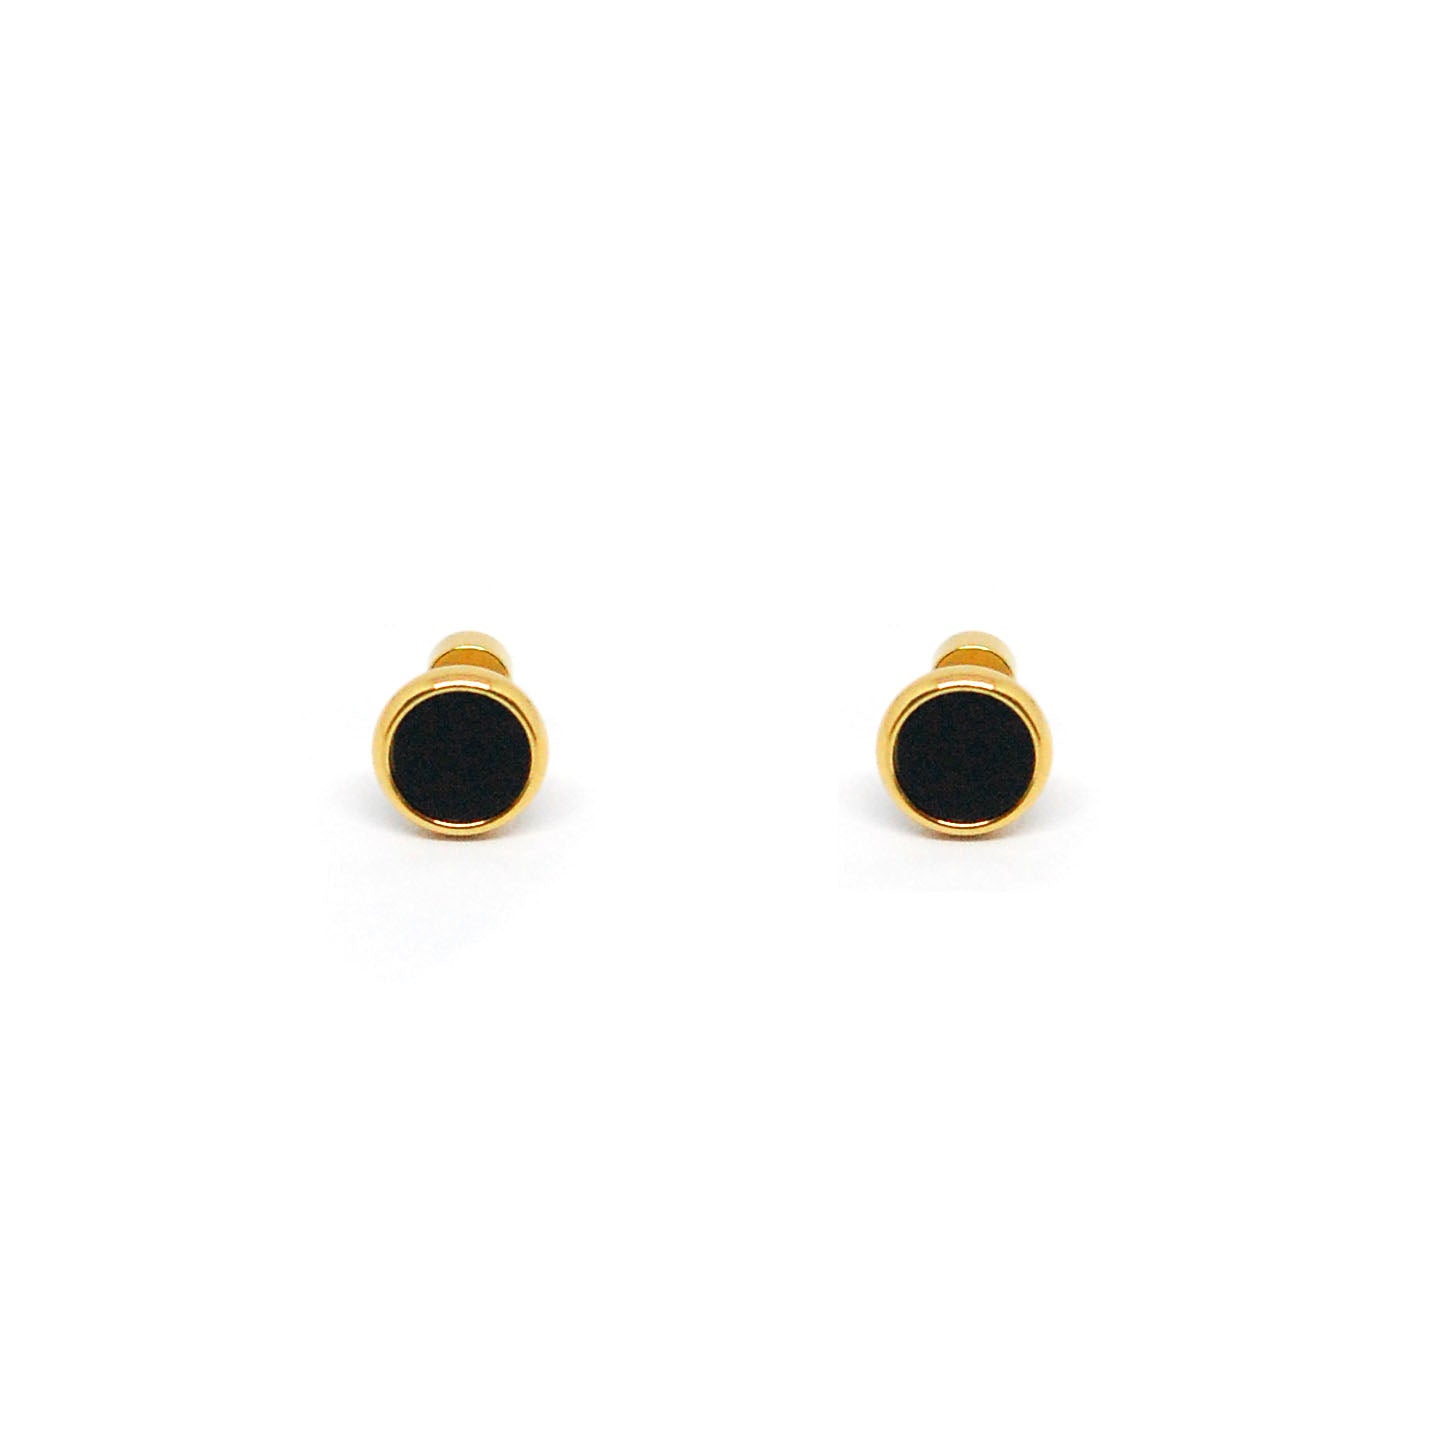 ESE 8078: All IPG Enclosed 6mm Black Studs w/ Baby Safe Chapita
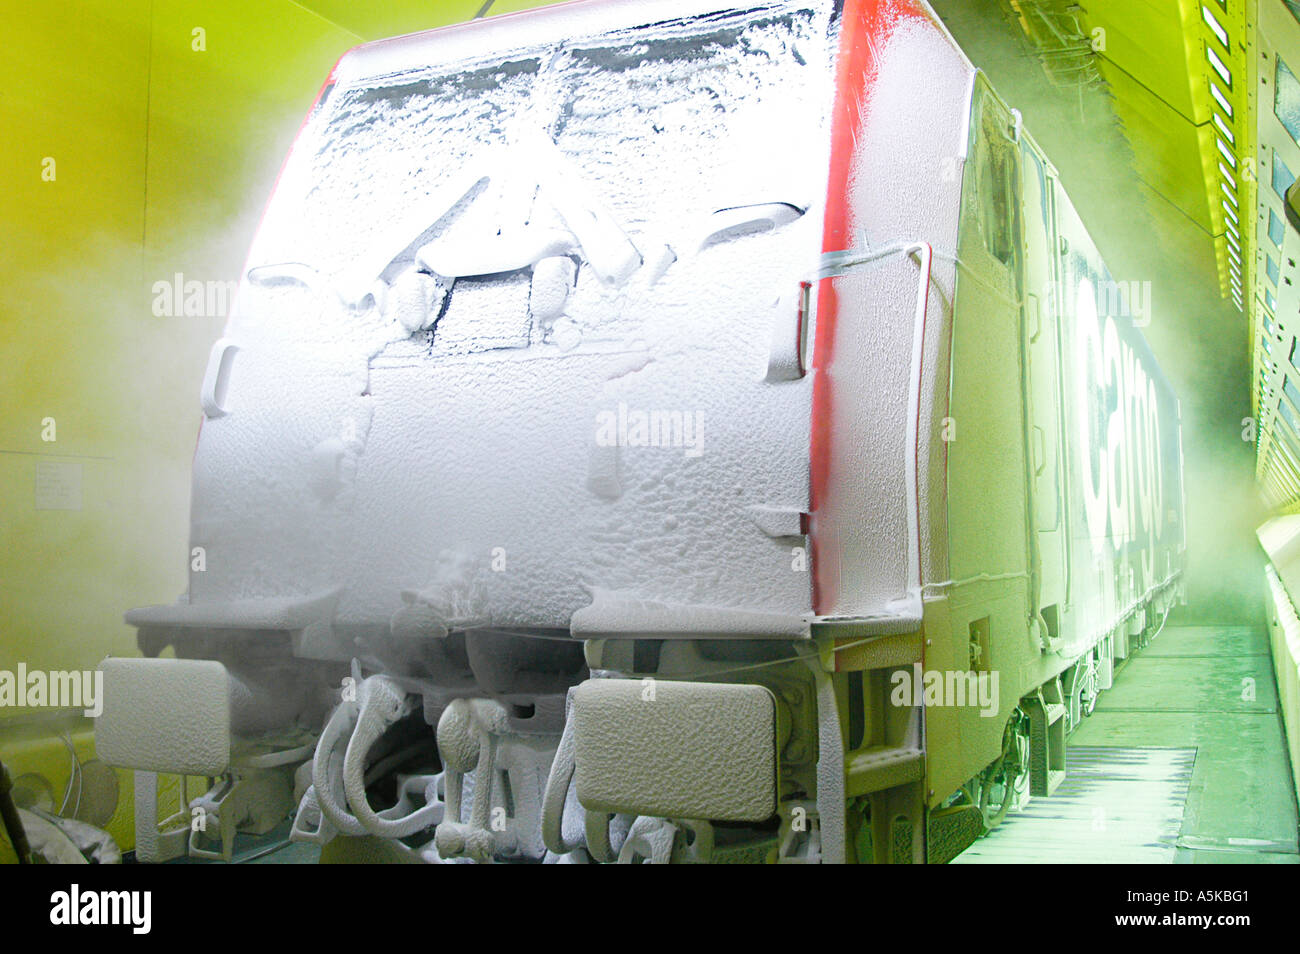 A train that was snowed in for testing in the Artificial Climate Wind Channel , RTA Rail Tec Arsenal, Vienna, Austria Stock Photo
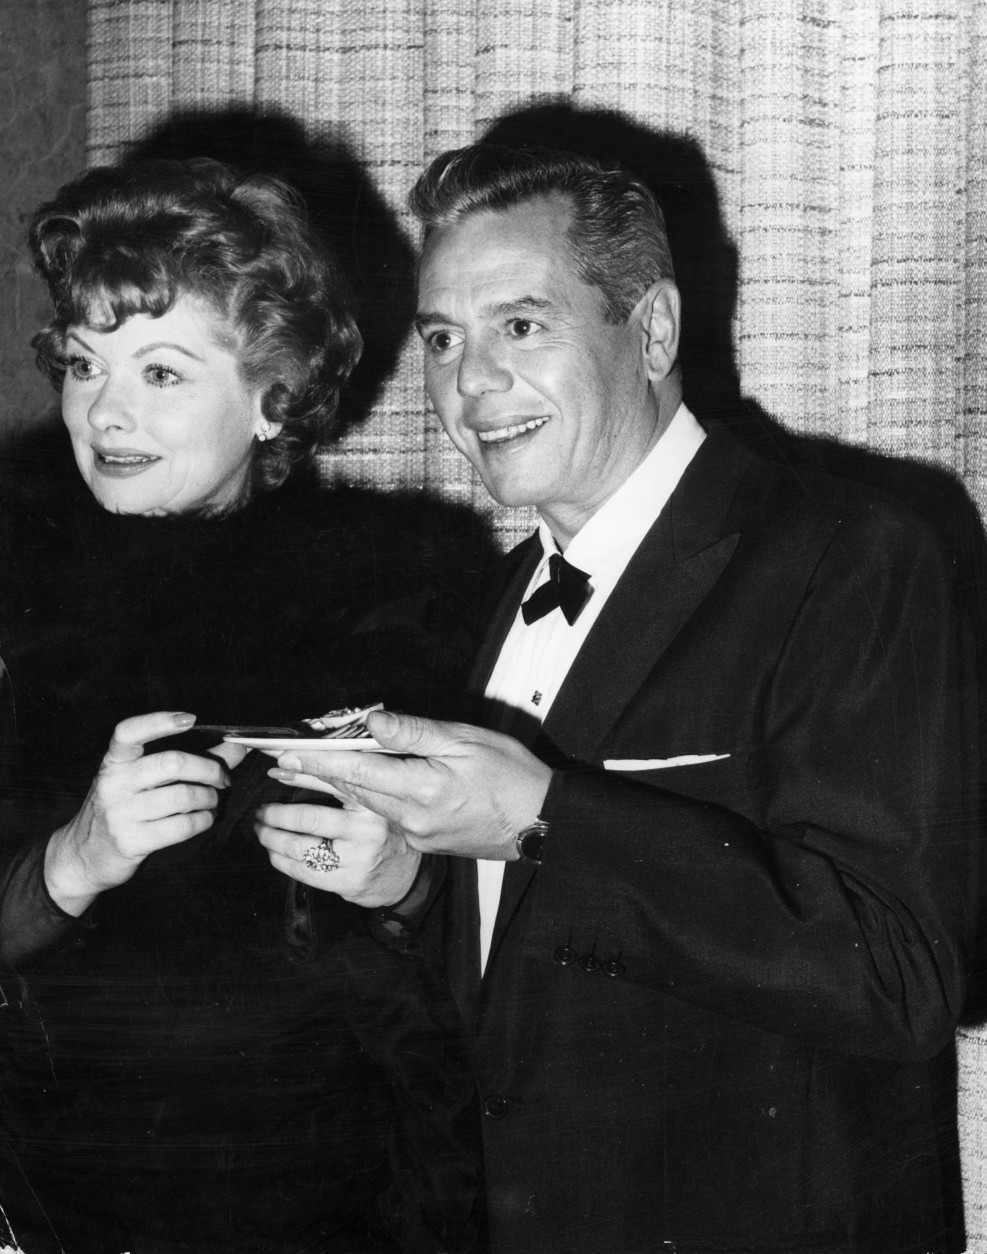 circa 1955:  American actress Lucille Ball (1911 - 1989) with her Cuban husband and co-star of the popular TV show 'I Love Lucy', Desi Arnaz (1917 - 1986). The celebrity couple set up the Desilu Studios together.  (Photo by Keystone/Getty Images)

• • • •

WORK REQUEST -> From the line containing "A train that" down to the final line of the material, restate every line word for word, and only those; drop the pictures.

ANSWER SPACE ->
 A train that was snowed in for testing in the Artificial Climate Wind Channel , RTA Rail Tec Arsenal, Vienna, Austria Stock Photo
 circa 1955:  American actress Lucille Ball (1911 - 1989) with her Cuban husband and co-star of the popular TV show 'I Love Lucy', Desi Arnaz (1917 - 1986). The celebrity couple set up the Desilu Studios together.  (Photo by Keystone/Getty Images)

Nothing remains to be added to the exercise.